Processing partition requests
Processing requests per partition is fairly simple. Each node runs a
single process (riak_kv_vnode_master
) that distributes requests to
individual partition processes (riak_kv_vnode
). The
riak_kv_vnode_master
process maintains a list of partition identifiers
and corresponding partition processes. If a process does not exist for a
given partition identifier a new process is spawned to manage that
partition.
The riak_kv_vnode_master
process treats all requests the same and
spawns partition processes as needed even when nodes receive requests
for partitions they do not own. When a partition’s parent node is
unavailable, requests are sent to fallback nodes (handoff).
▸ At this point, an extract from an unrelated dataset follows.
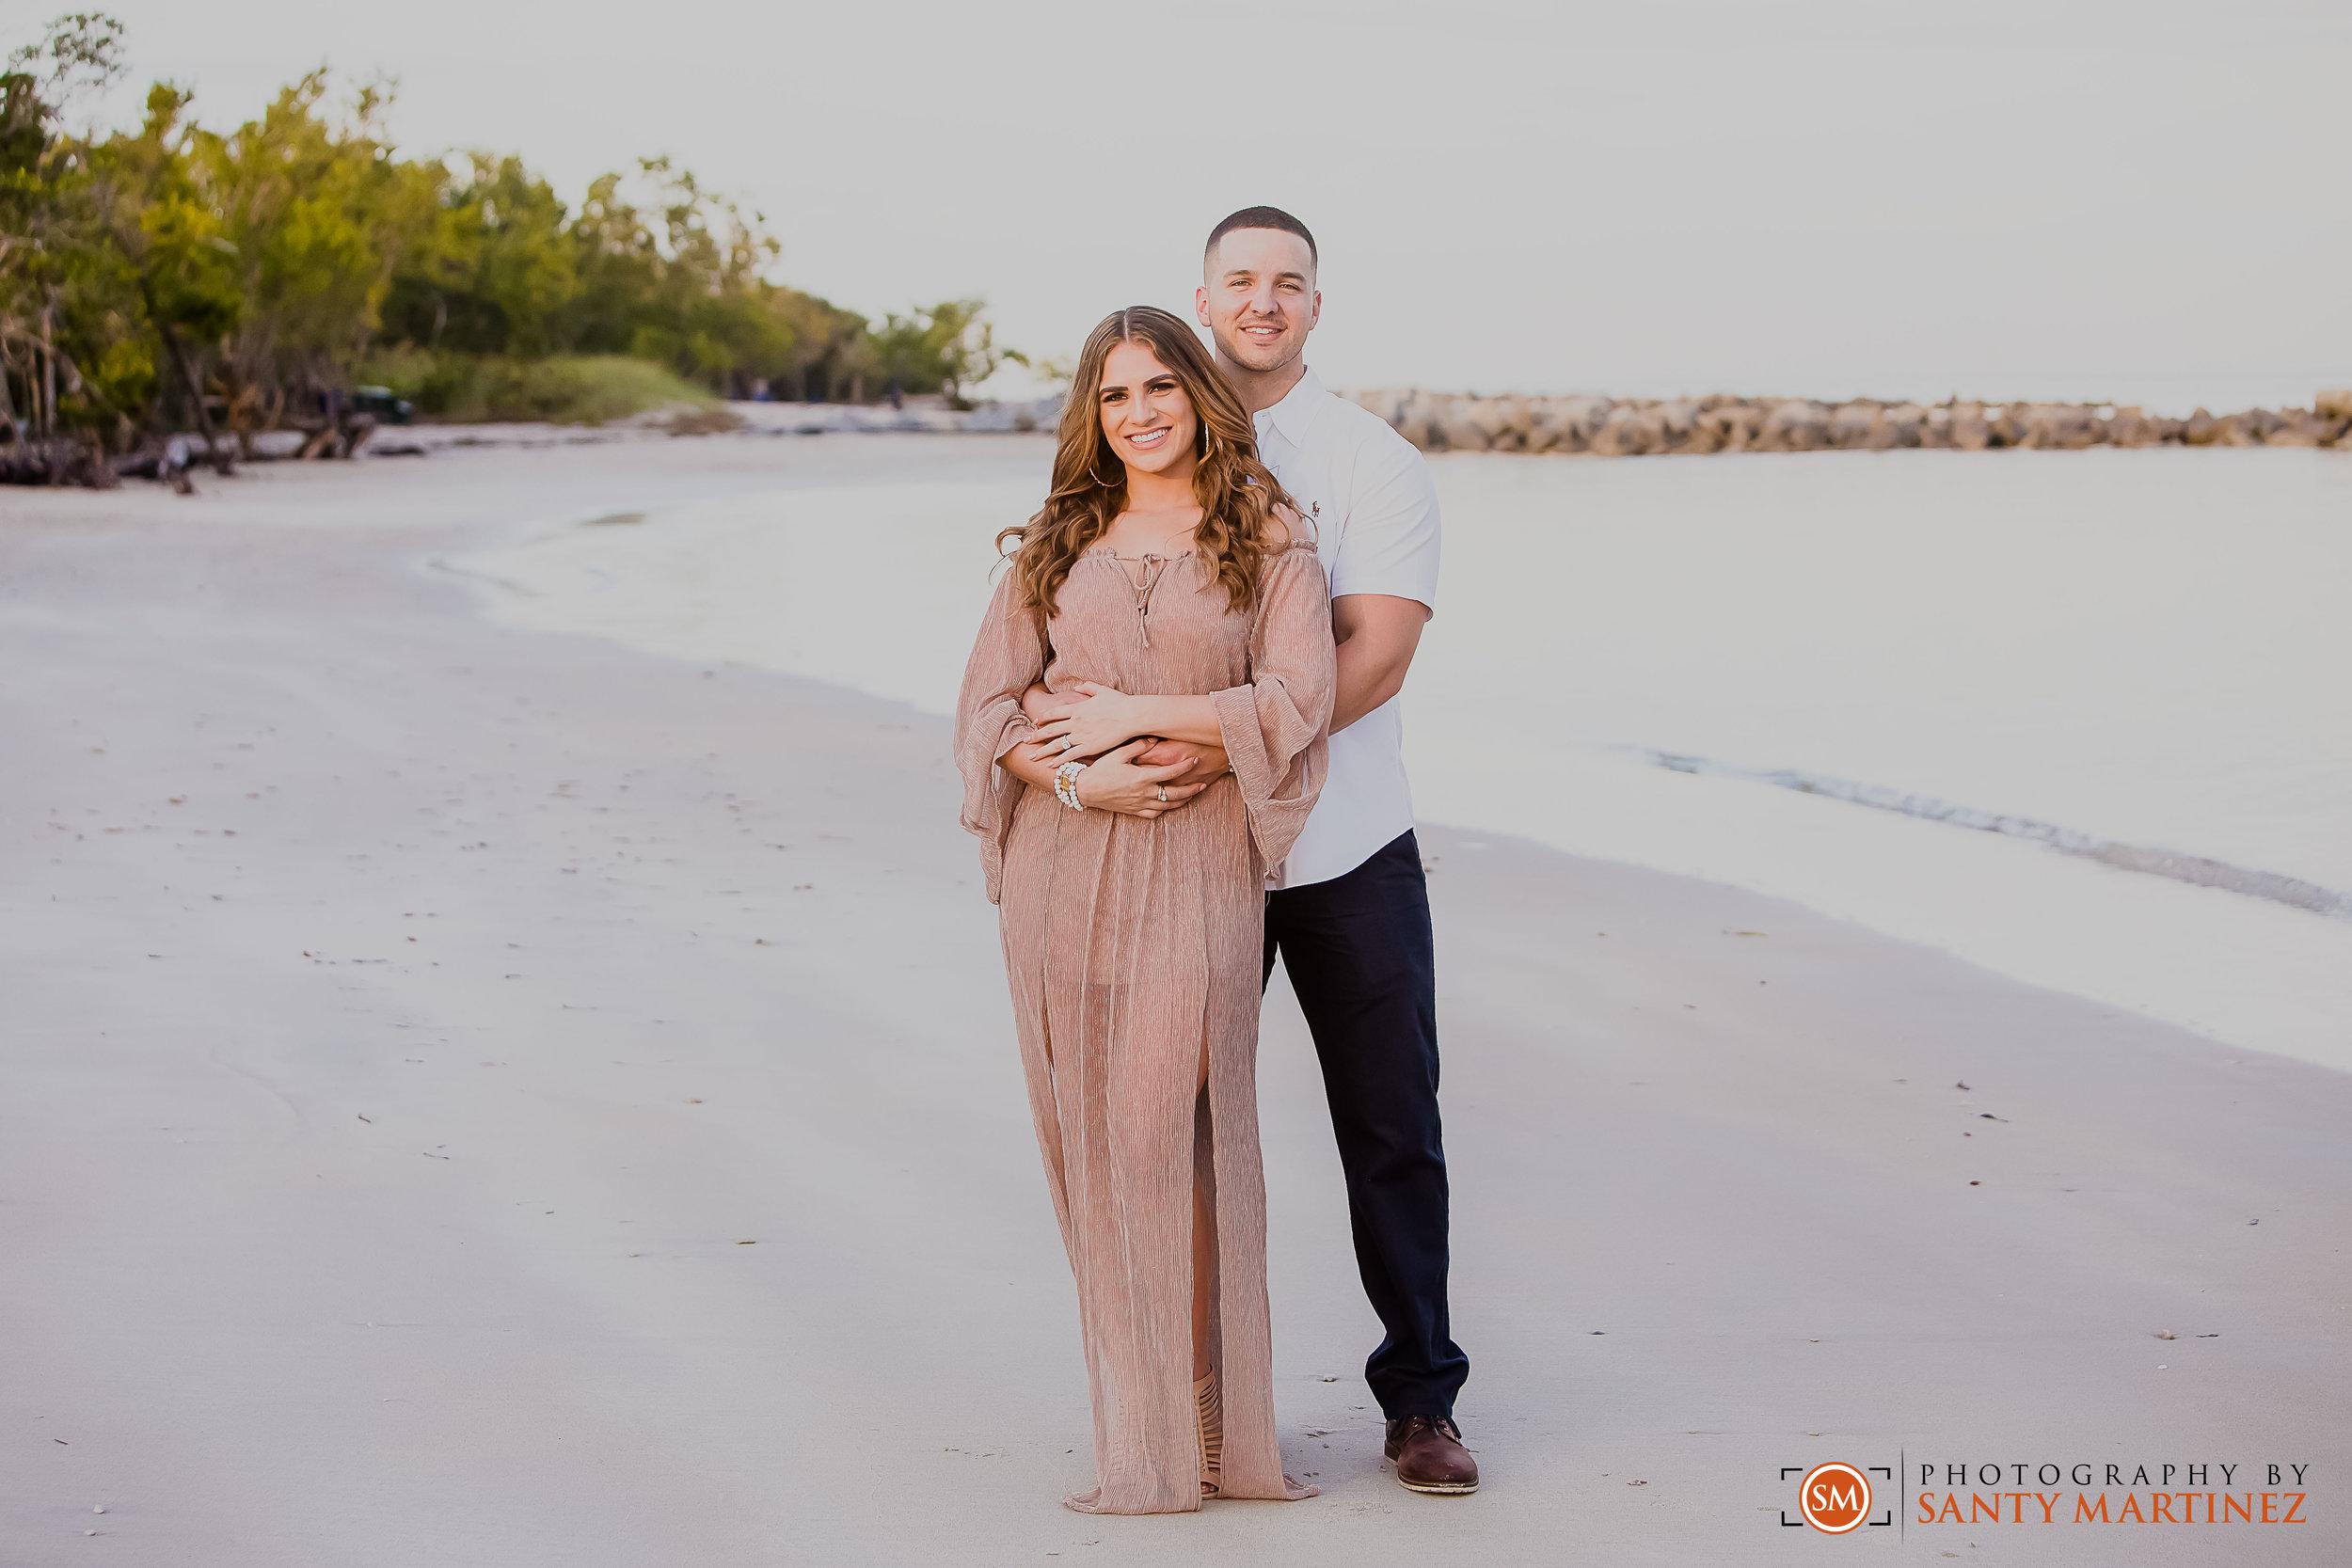 Miami Engagement Session - Key Biscayne - Photography by Santy Martinez-12.jpg
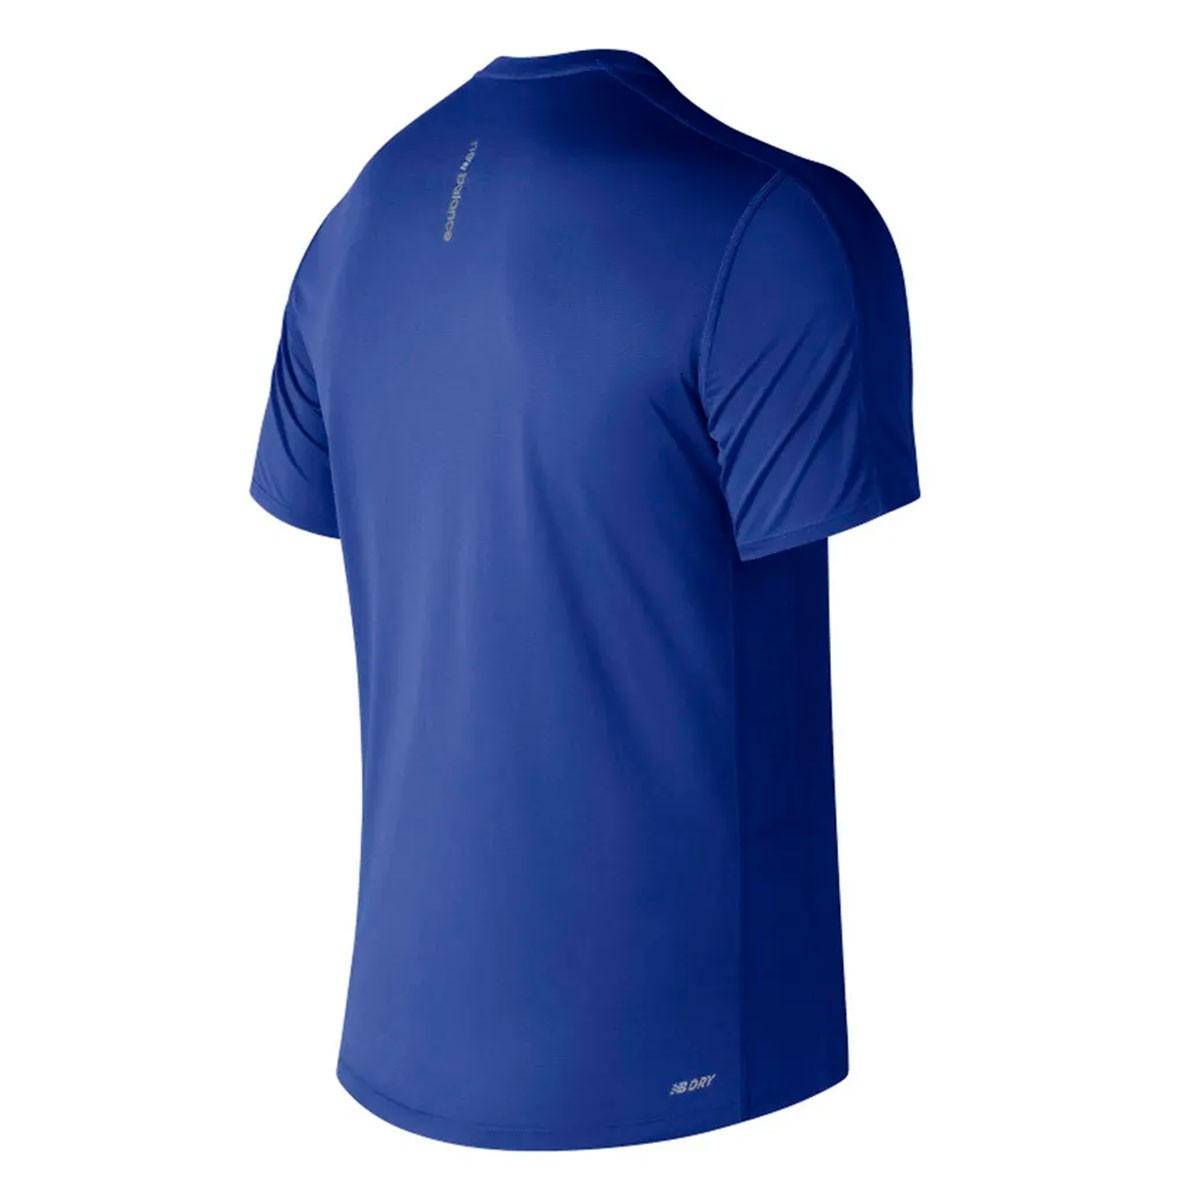 Camiseta New Balance Accelerate Masculino Azul

The
riak_kv_vnode_master
process on the fallback node spawns a process to
manage the partition even though the partition does not belong to the
fallback node.
The individual partition processes perform hometests throughout the life
of the process. The hometest checks if the current node (node/0
)
matches the parent node of the partition as defined in the ring. If the
process determines that the partition it is managing belongs on another
node (the parent node), it will attempt to contact that node. If that
parent node responds, the process will hand off any objects it has
processed for that partition and shut down. If that parent node does not
respond, the process will continue to manage that partition and check
the parent node again after a delay. The hometest is also run by
partition processes to account for changes in the ring, such as the
addition or removal of nodes to the cluster.